→ Prompt
In the records below, find the line that contains "Report on the" and the line that contains "Flyer with info", then retype exactly those two lines and every line between them.

→ Records for the task

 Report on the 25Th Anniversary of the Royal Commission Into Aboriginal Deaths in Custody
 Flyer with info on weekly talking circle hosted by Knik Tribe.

--

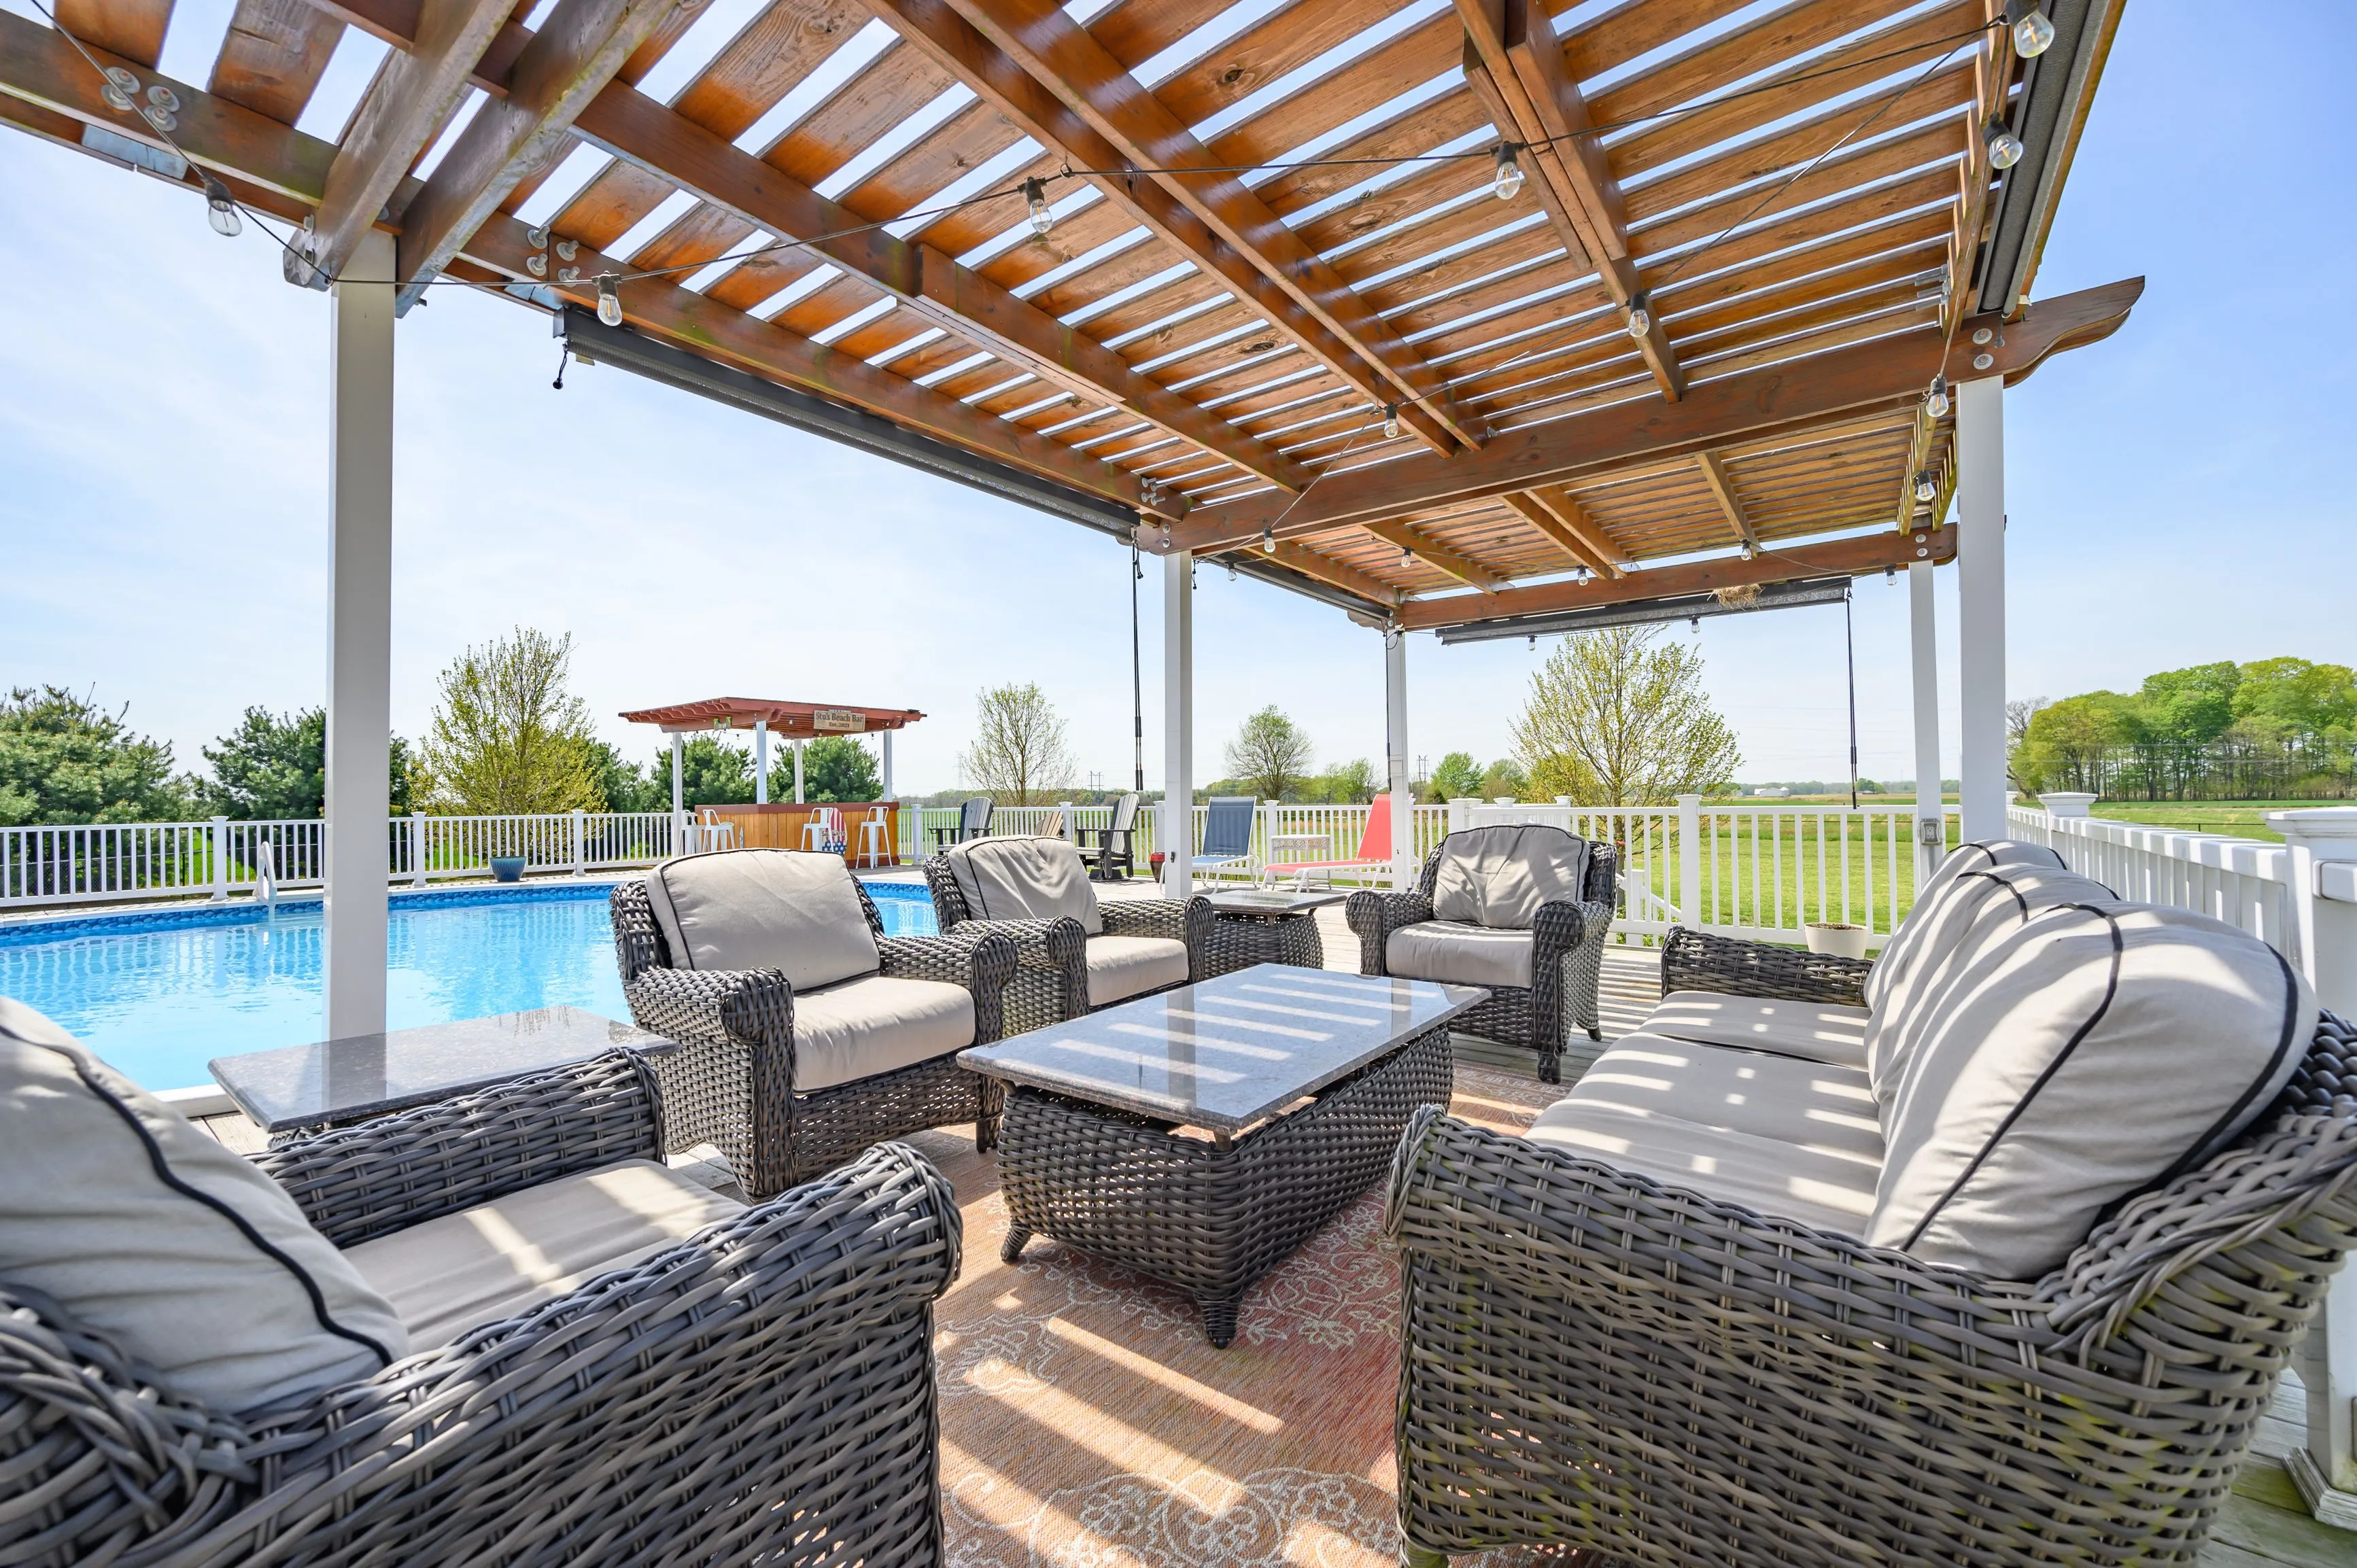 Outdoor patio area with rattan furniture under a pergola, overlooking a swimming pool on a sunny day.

→ Answer space
 Report on the 25Th Anniversary of the Royal Commission Into Aboriginal Deaths in Custody
 Flyer with info on weekly talking circle hosted by Knik Tribe.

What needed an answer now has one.